For VHC Health, partnering with a vendor they’ve worked with for multiple years, reflects they fit into the system’s culture. Bringing executives from both entities together, alongside the system’s revenue cycle team leads, forming a governance council to oversee the partnership allows them to share accountability, laying a solid foundation.

“The way we’ve carved it out, we’ve got a strong three-pronged approach that allows for a strong operational alignment, strategic alignment, and organizational alignment to achieve the goals of this partnership,” Zabrowski said.

Prior to their current partnership, VHC had been utilizing their partnership vendor for ancillary services for five years. Now, over a month into the partnership, the system has found over $13 million of incremental value that is “currently in the process of collection and realization.”
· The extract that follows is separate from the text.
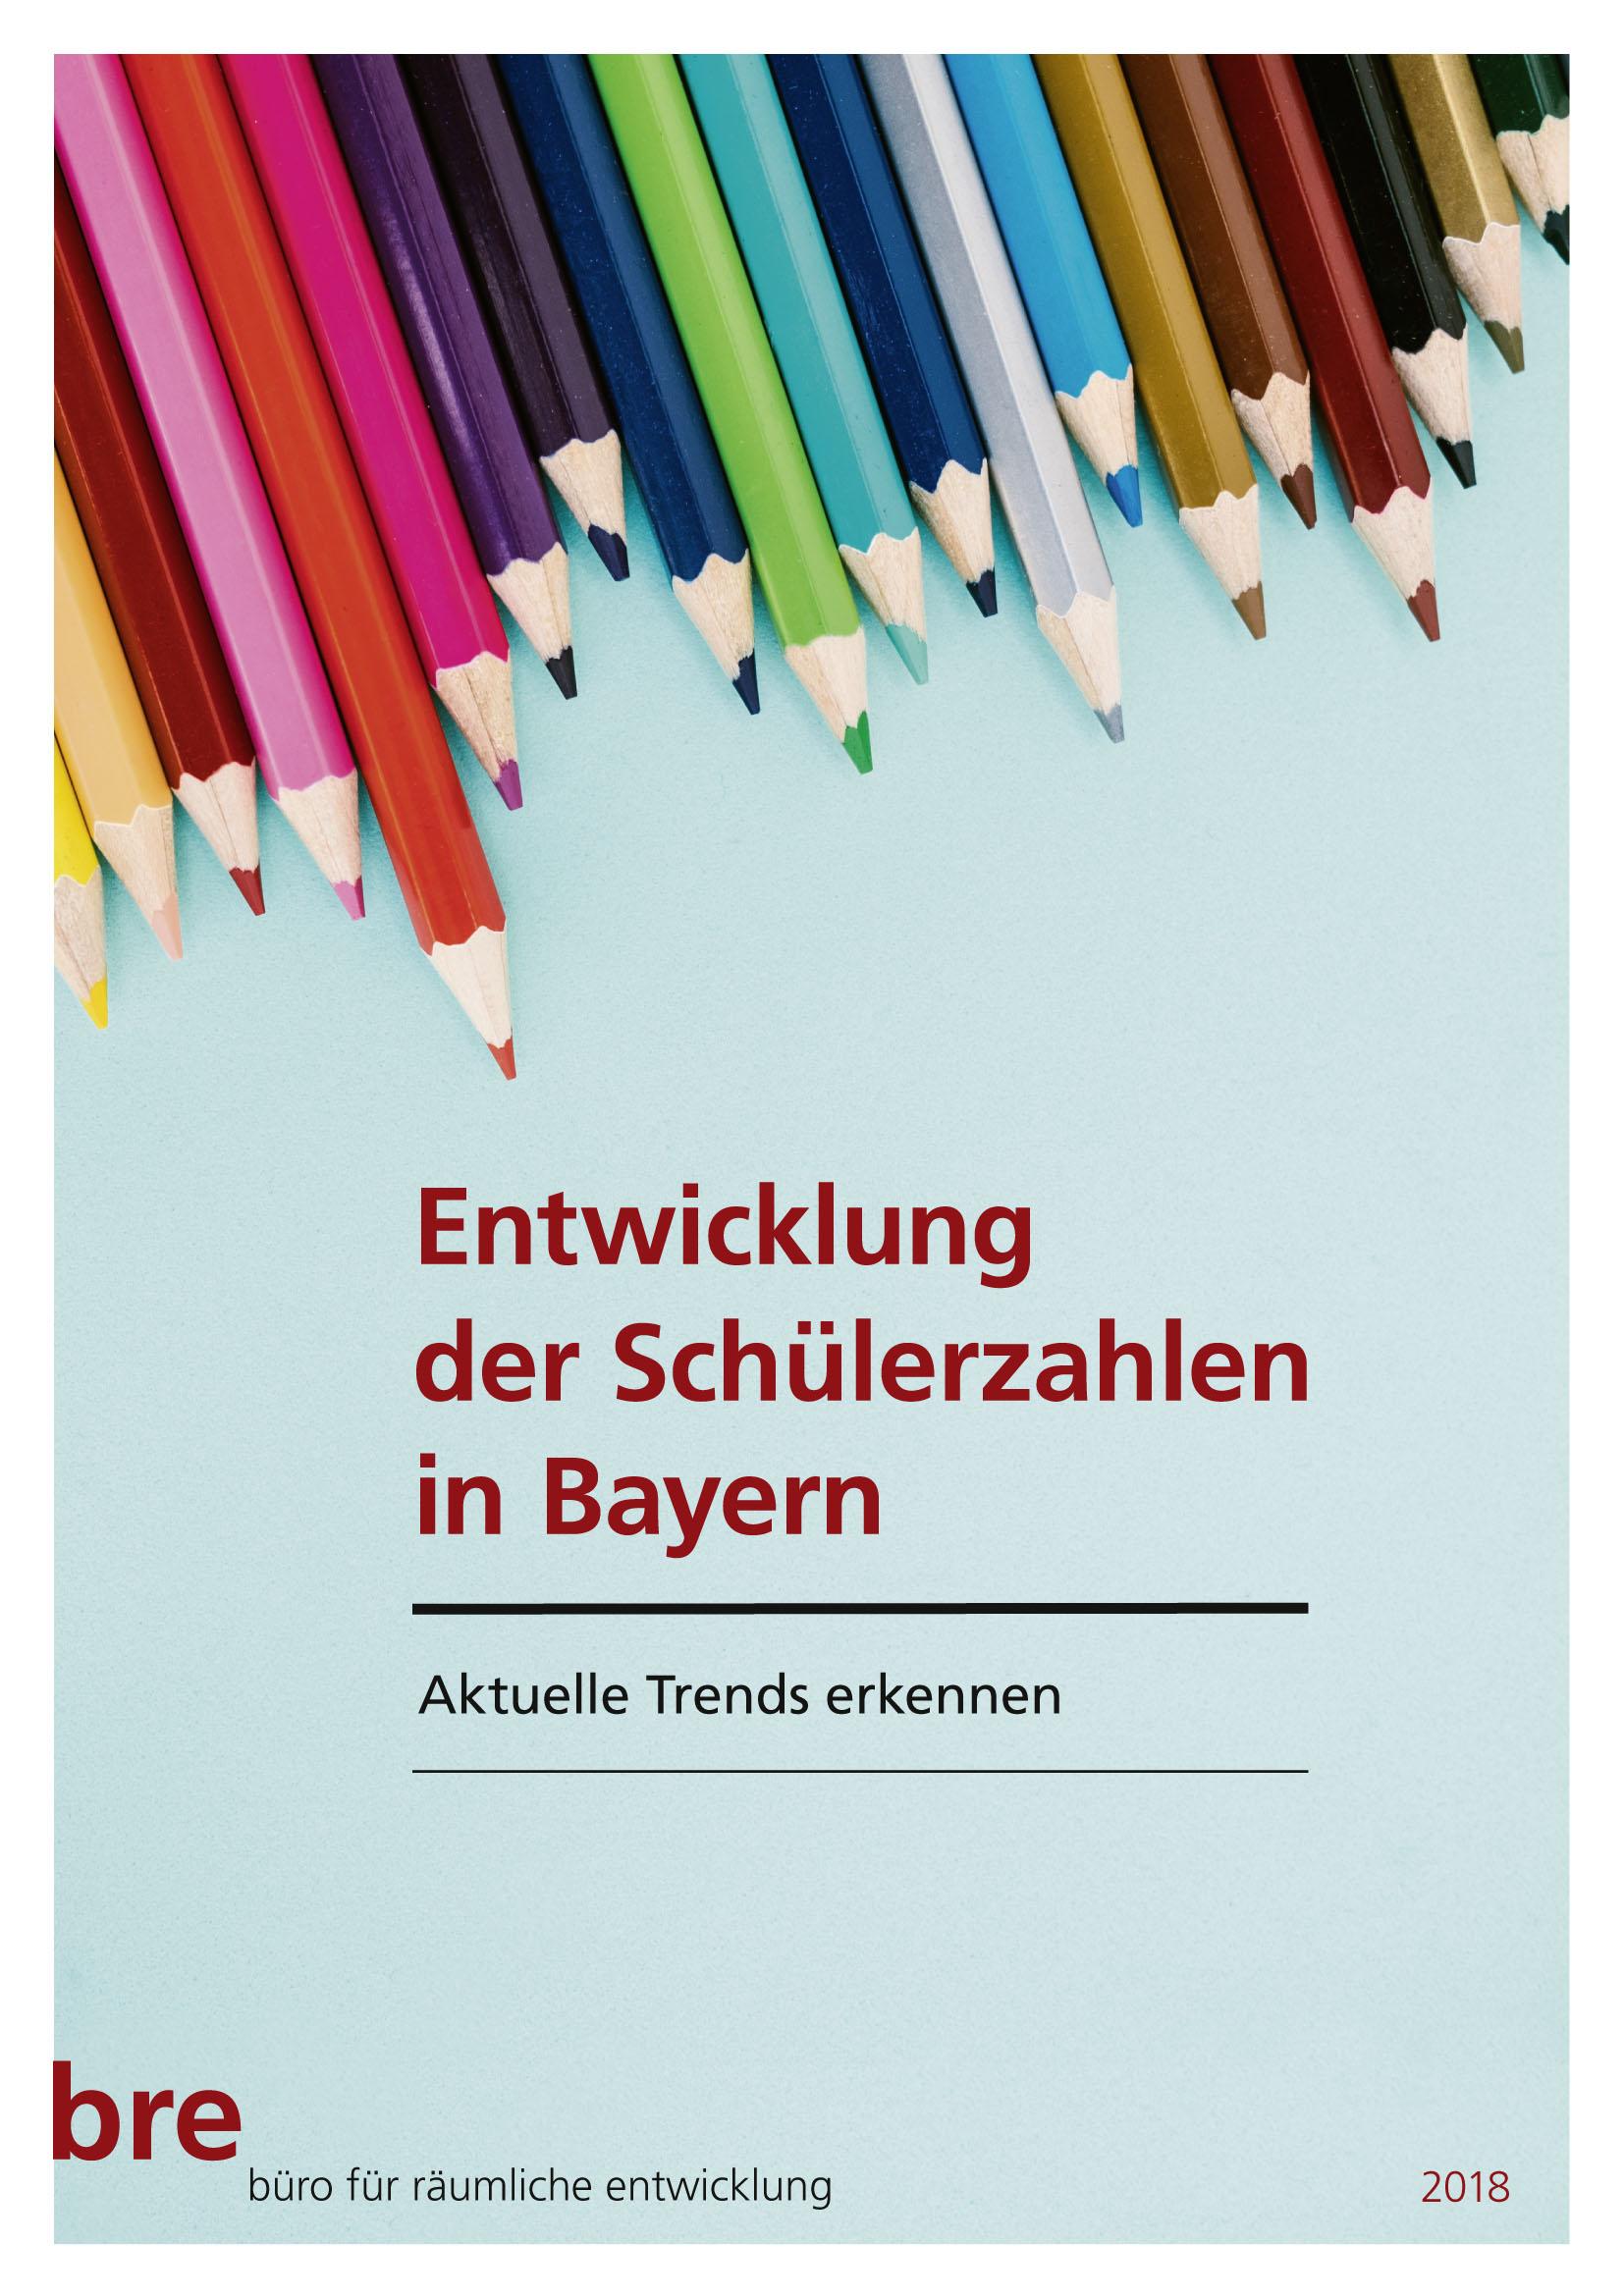 Broschüre büro für räumliche entwicklung

Initial goals for the partnership include streamlining their patient registration process and integrating AI into the denials process. According to Zabrowski, integrating more robust physician advisory services into the organization is an area of emphasis as well.

To oversee the partnership’s progress and performance, the team created a shared governance council of VHC executives, revenue cycle leads, and vendor representatives.

“There’s a weekly touch base where we’ll be discussing our [key performance indicators], revenue cycle metrics, how are realization rates looking, what’s happening with denial trends,” Zabrowski explained.

Key performance indicators include accounts receivable per day, insurance aging, number of accounts held up in billing, and coding accuracy rates.

While these metrics are important to the overall management of RCM activities, Zabrowski said, the target goals for the partnership emphasize improving clinical documentation and the system’s overall yield.

For the system’s yield, efforts are being made to optimize point of service collections, with tech solutions being deployed to help reduce front end denials.

“From a clinical documentation improvement perspective, extended deployment of related practices, education, auditing, and workflow redesign will serve as the foundation upon which our improvements are built upon,” Zabrowski explained.